DNA microarrays are special slides that allow all the genes in a cell to be studied in one go. They can show which genes in a specific cell are switched on and which are switched off and they allow one type of cell to be compared with another. They work by taking mRNA from the two different cells, then mark it with a fluorescent labelling mix (to colour it and make it into cDNA) and then apply it in a solution to a specially prepared slide. This slide has a polymerase chain reaction (PCR) applied to it by a computer to make one side of the DNA strain for each individual gene. So when the marked genes are applied they all attach to the corresponding strain.
When two different sets of genes are applied they both have different colours such as red and green. If only the red set of genes have a certain gene switched on then the spot for that gene will become red. If only the green set of genes have the gene switched on then the spot will turn green.

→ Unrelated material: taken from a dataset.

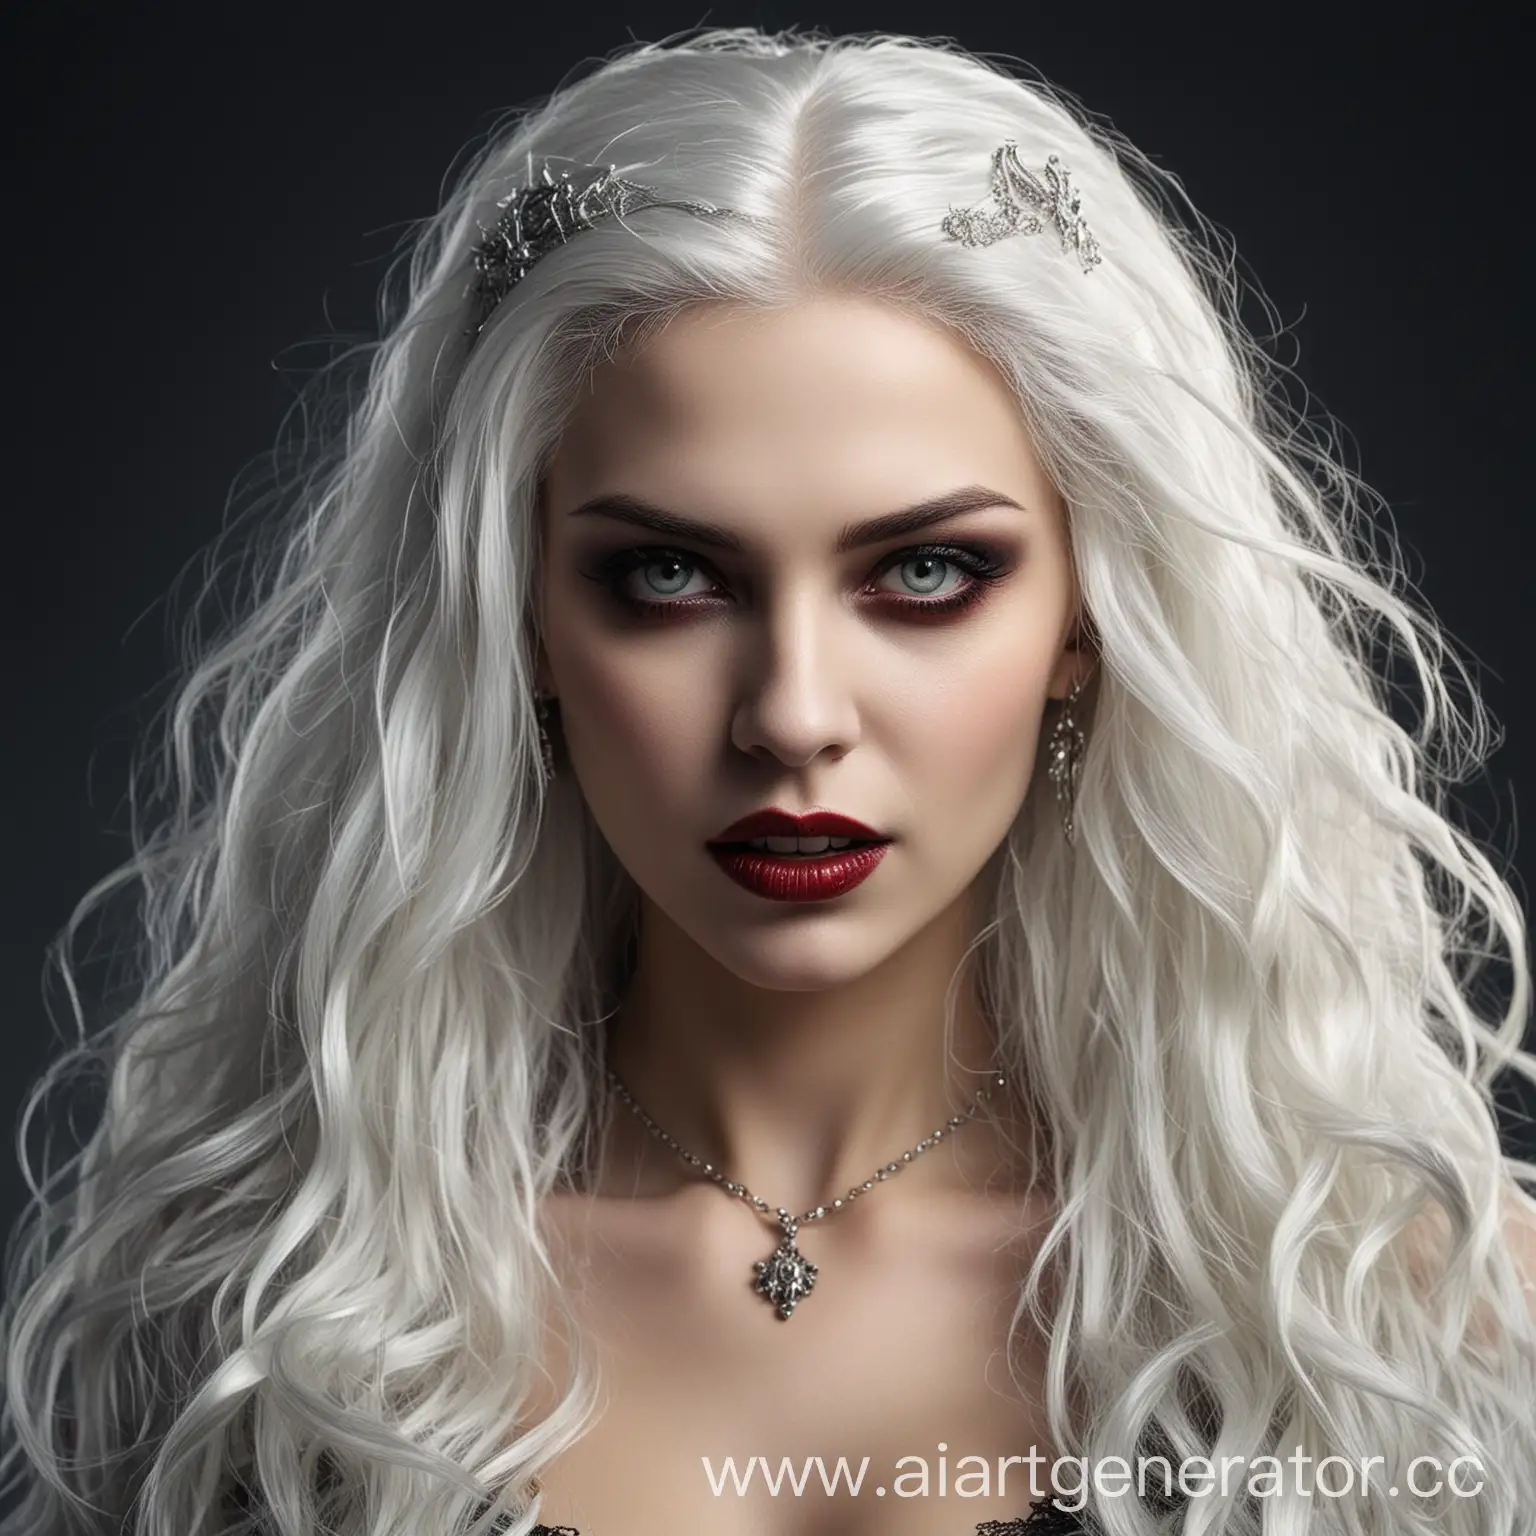 вампир женщина в белыми волосами

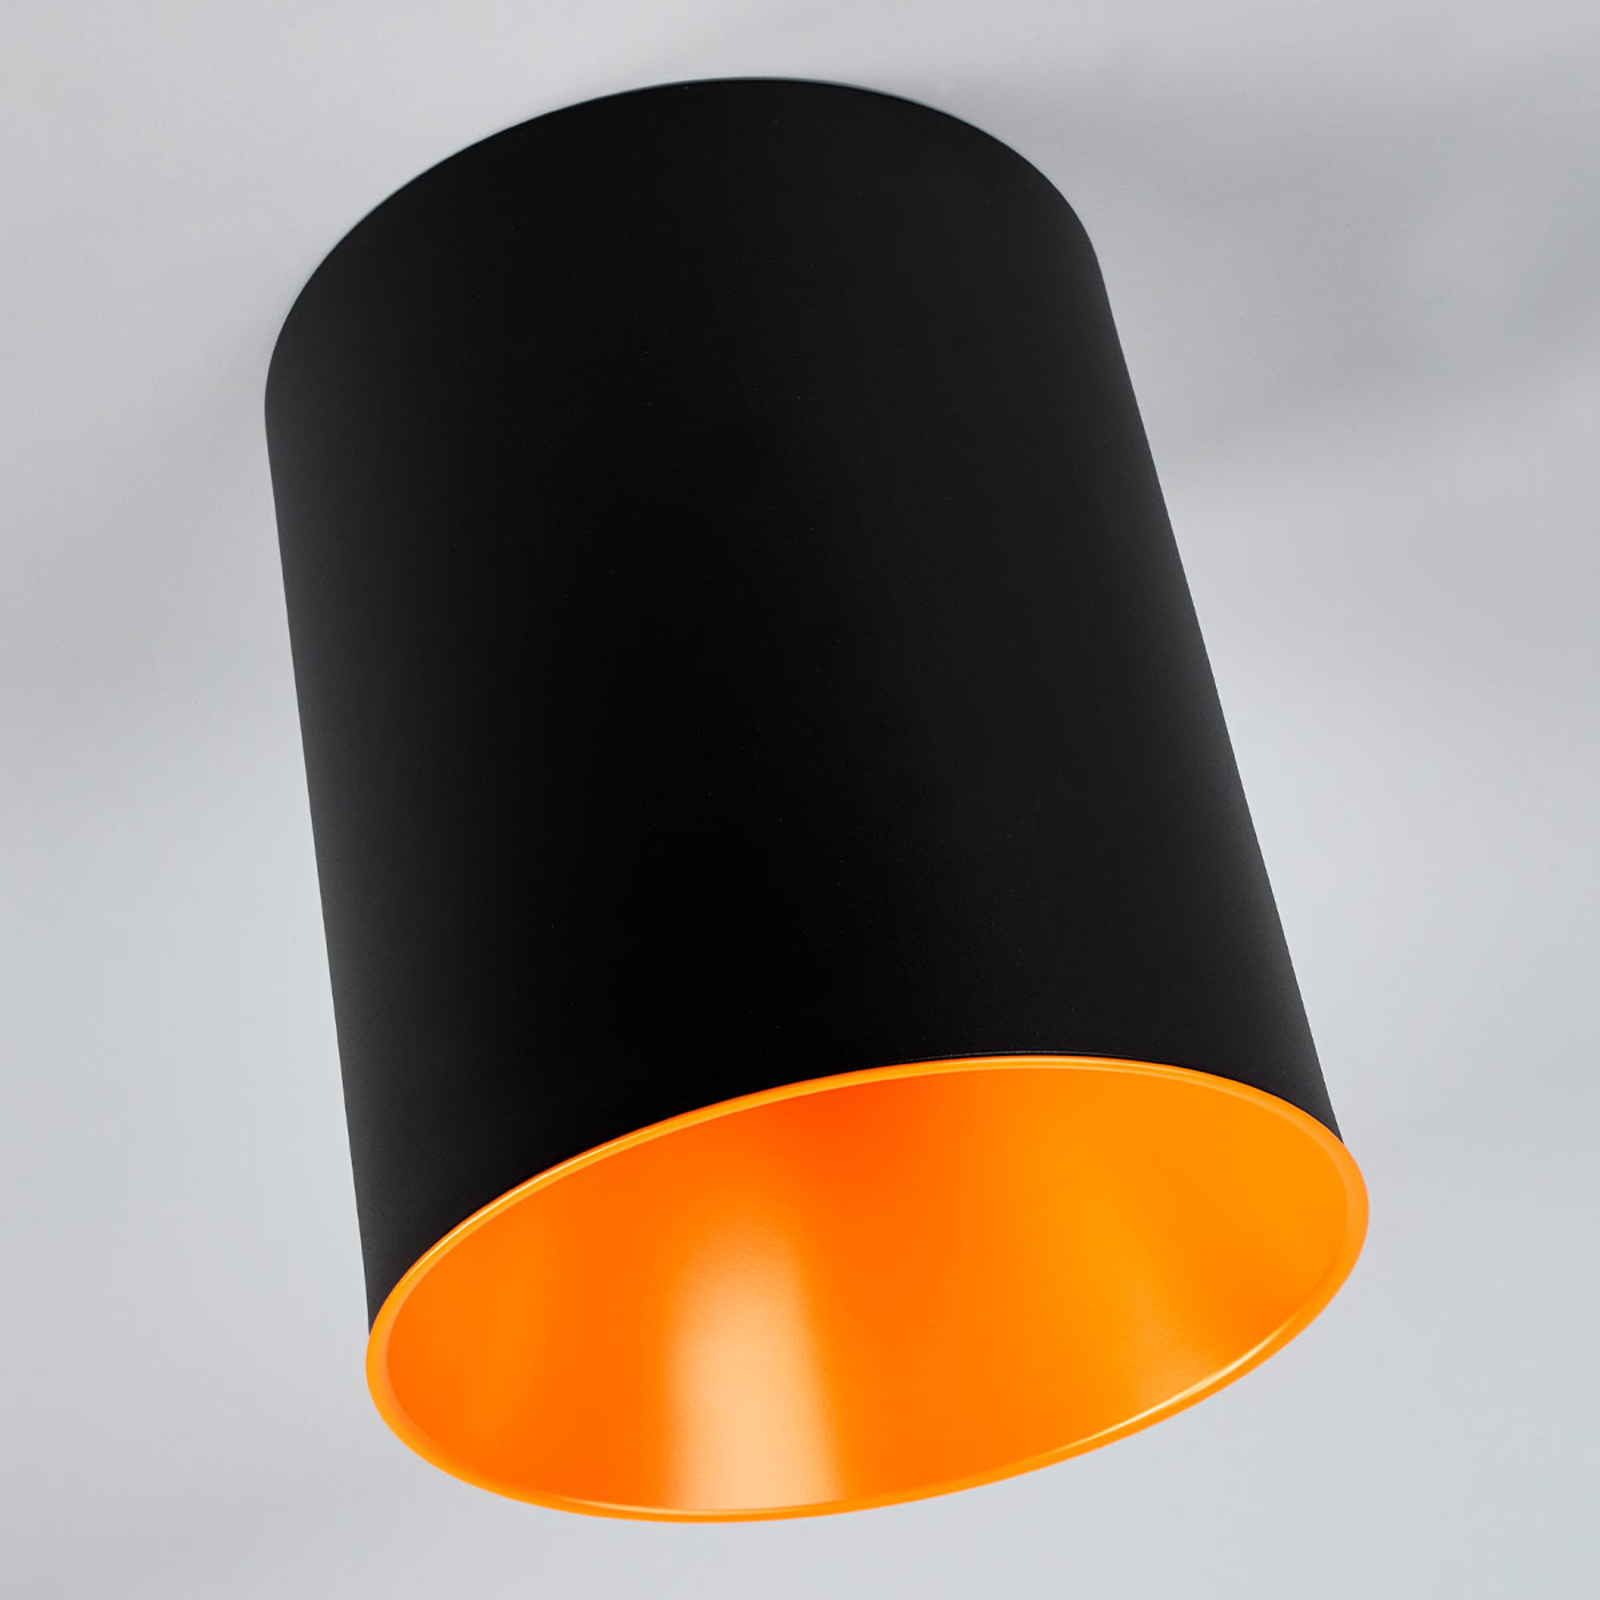 Artemide Tagora LED stropno svjetlo u obliku cilindra

If both sets of genes have the gene switched on then that spot will turn yellow. This means that the people studying the microarray can compare the two genomes and see, by means of the colour code, which genes are activated in specific cells.
Using microarrays has a number of advantages, the main one being that they allow the behaviour of many genes to be studied at once. They can be used to study cancerous cells to see which genes have been switched on and off in the cells. They can also be used to diagnose genetic disorders. Using microarrays is also relatively cheap and easy whilst also being much safer than other methods (as no radioactive or toxic elements are involved).